Korean film and television storytelling has expanded and adapted under the influence of COVID and streaming video. As a result, screenwriting today may be more in line with audiences’ needs, media executives in Busan have heard.
A panel discussion on Saturday, organized by the Busan Story Market, a new wing of the Asian Contents & Film Market (ACFM), attempted to define Korean storytelling and analyze why it is currently so successful.
One explanation from Hwang Hyejung, chief content officer at Korean streamer TVing, was that authors have broadened their perspective to include more topical and realistic topics. Romantic comedy and melodrama are no longer the defining genres.
“Korean content is rooted in family values and Confucianism. It’s comparable to Hollywood’s super fantasy stories,” Hwang said. “Nowadays, the MZ generation resonates with Korean realism [people born between 1981 and 2005]due to COVID and the crises we are experiencing.”
Seokyung Chung, author of the recent TV series Little Women and Park Chan Wook’s latest film Decision To Leave, said she deliberately changed her writing style from a top-down perspective to one that pays more attention to her audience .
“[When it comes to the creative process], a lot is recorded, discussed and analyzed. It’s important to be sensitive to the audience and always be ready to update,” Chung said. “People want to feel closer and discuss issues in our society together. That’s how I view the audience now as [my] best friends sharing secrets with them. That’s how I think the audience relates to it.”
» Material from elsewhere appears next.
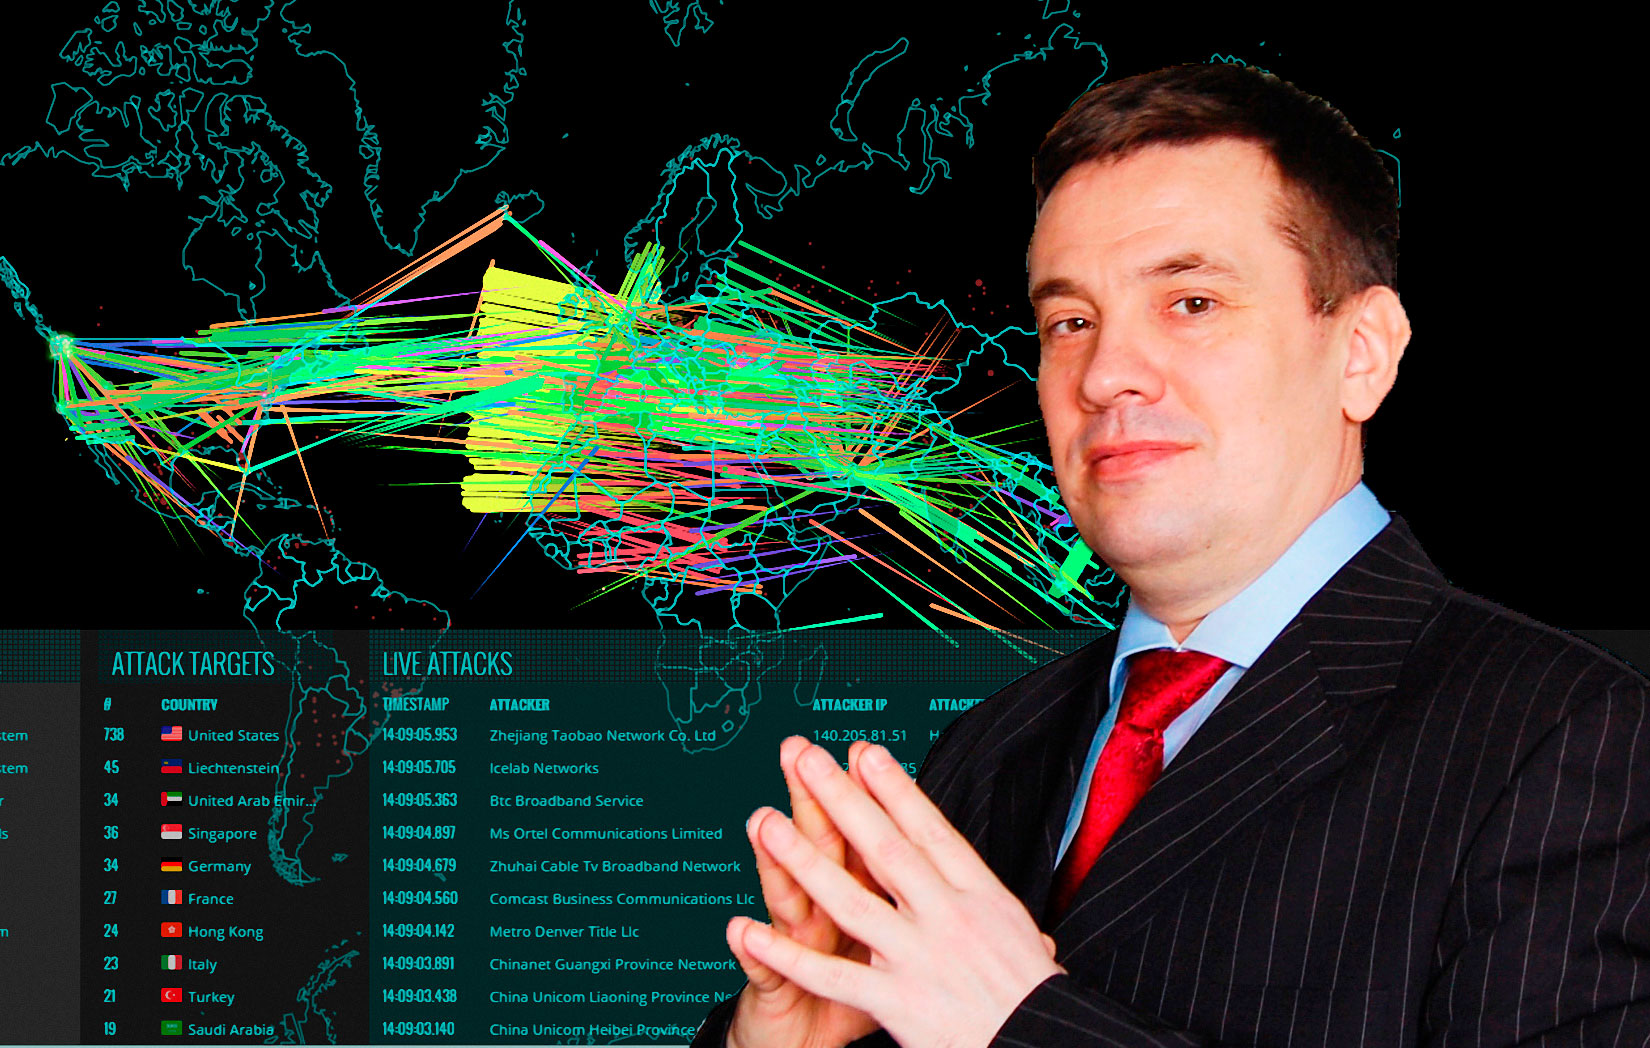 Cybersecurity, Кибербезопасность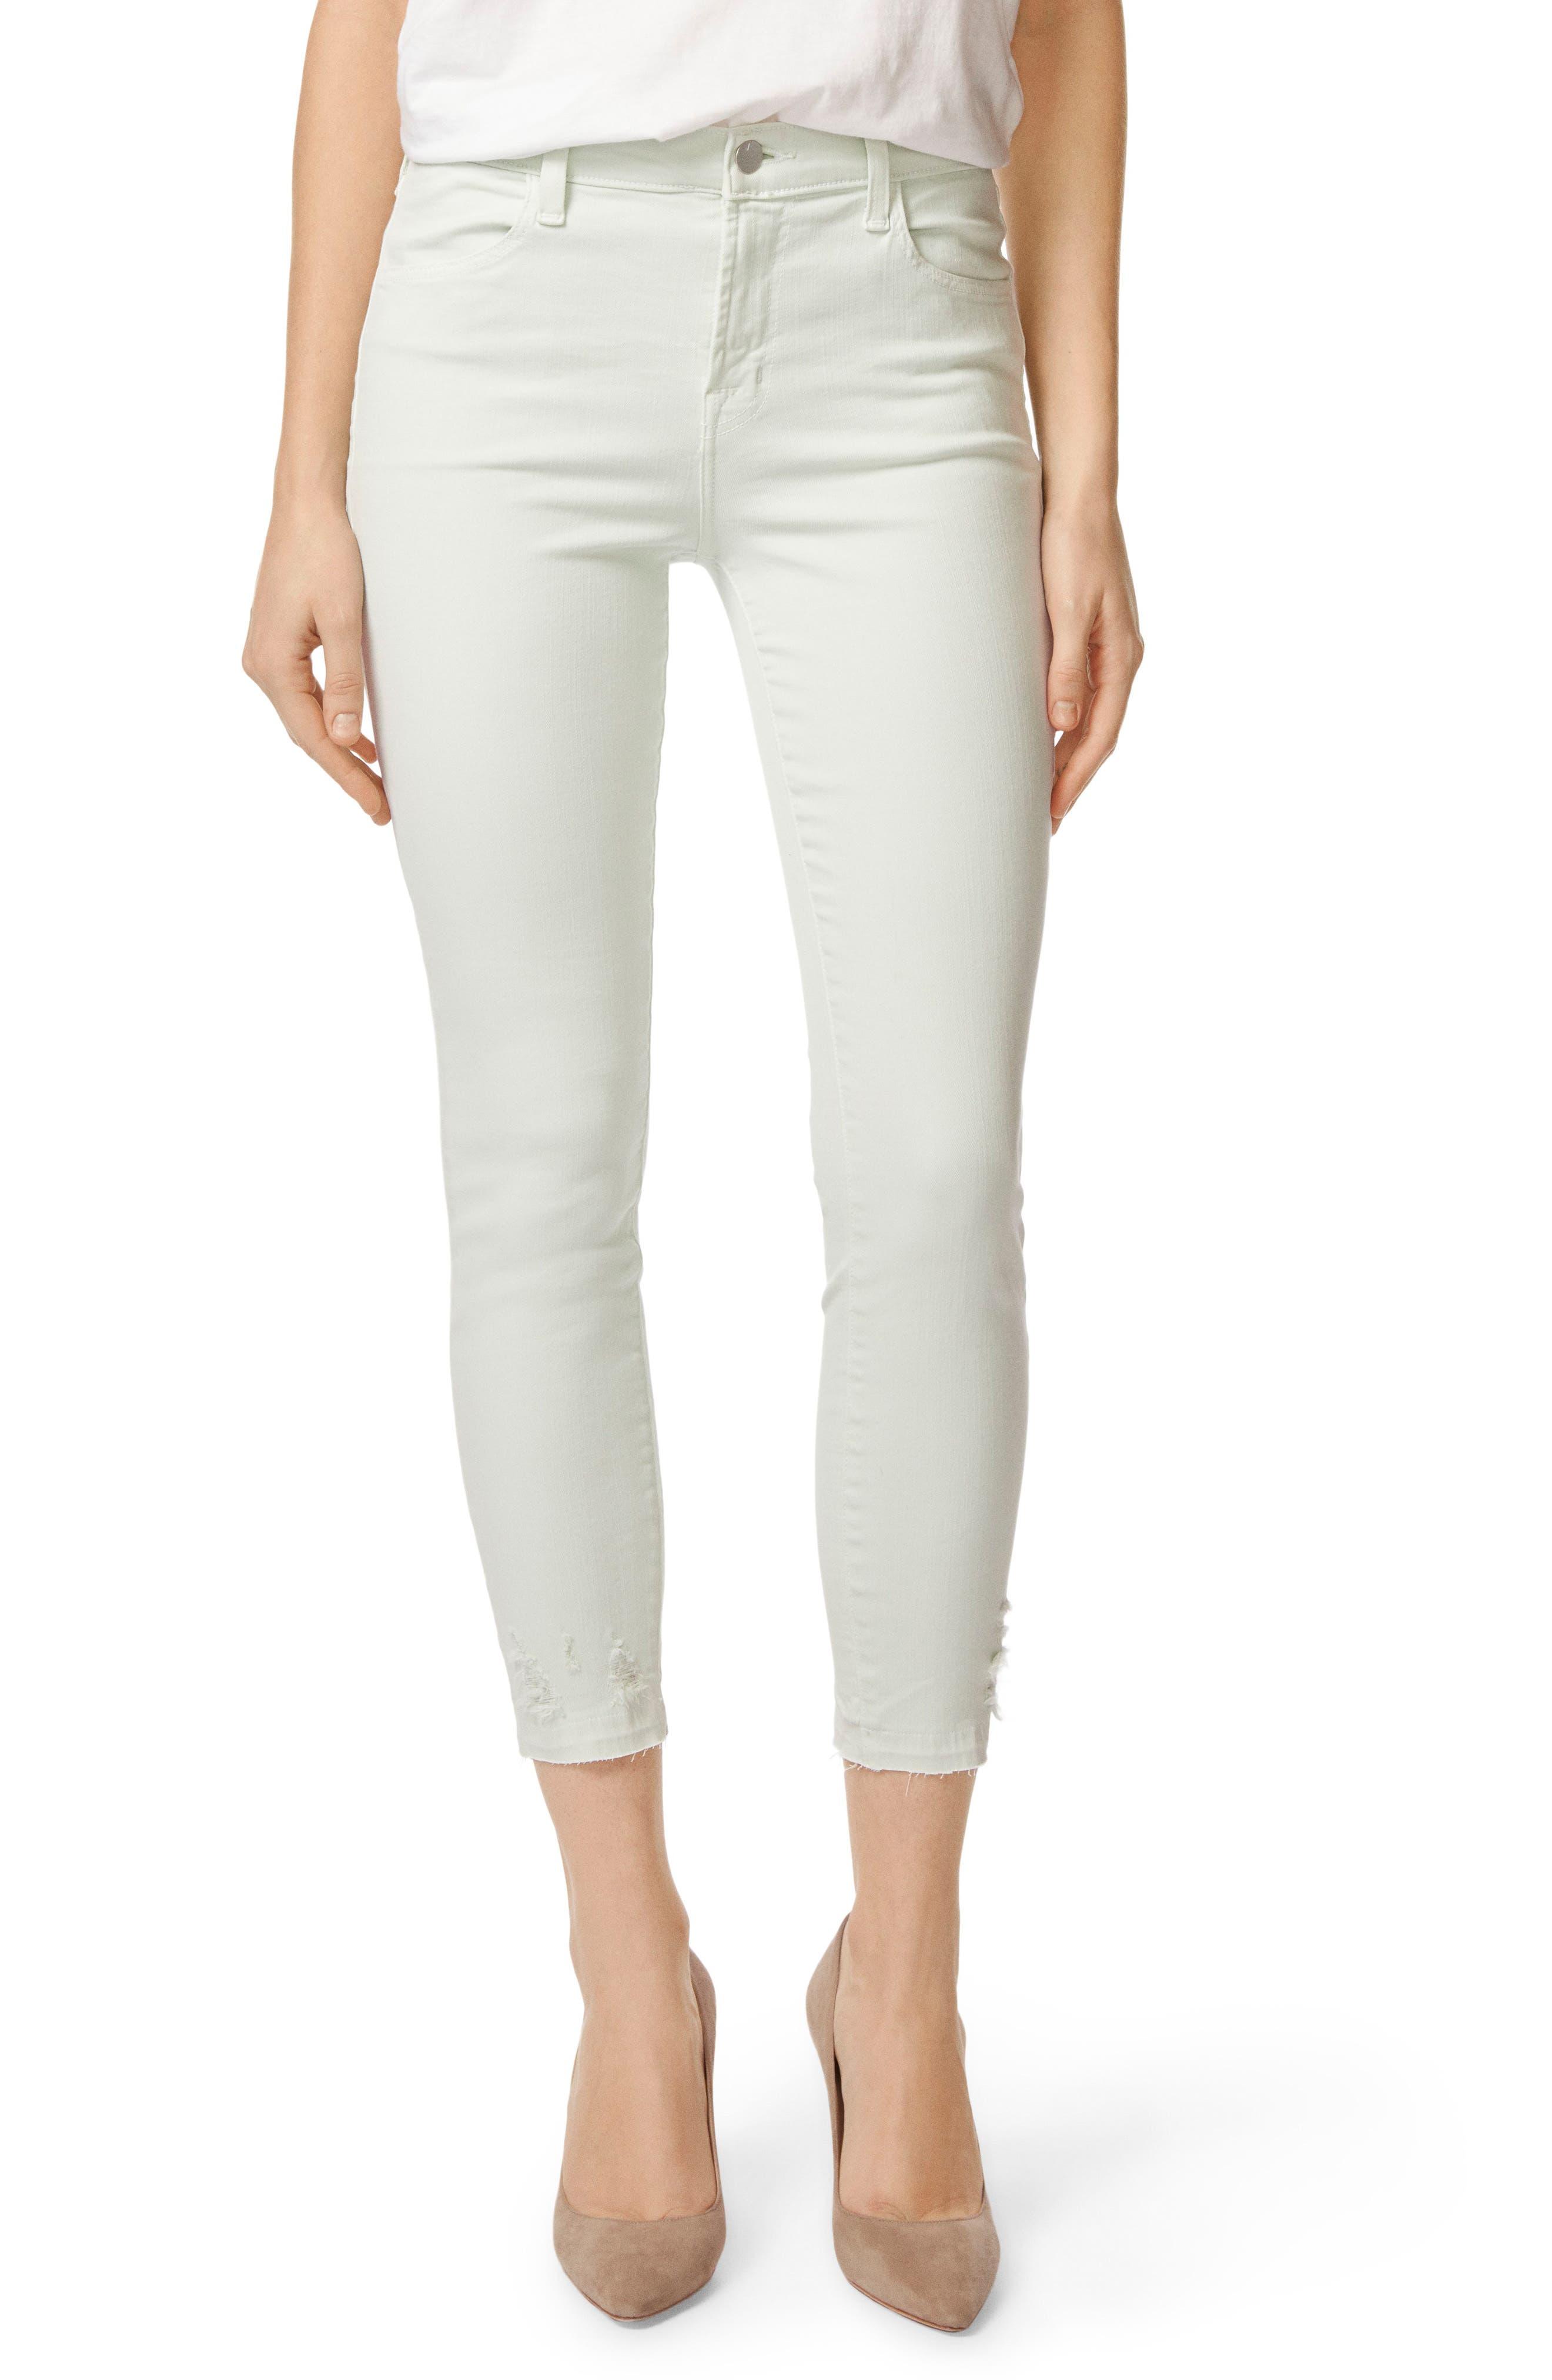 'Alana' High Rise Crop Skinny Jeans,                             Main thumbnail 1, color,                             Spearmint Destruct

The pandemic accelerated the growth of OTT platforms in Korea, with a new emphasis on viewing convenience, such as B. binge-watching, and on social media feedback.
“People are waiting to see other people’s reactions before looking at content. we can get that [feedback] almost immediately with social media, which means first reactions can make or break a show,” Hwang said.
If that means more risk, platforms and broadcasters have tried to counter that by placing more emphasis on multi-season franchises and shows. are now adopted to extend the lifespan of K-stories.
The dual impact of COVID and more streaming has increased demand for the production of new Korean shows. According to Hwang, Korean streamer Tving has reported 300% subscriber growth since it started making originals in 2020.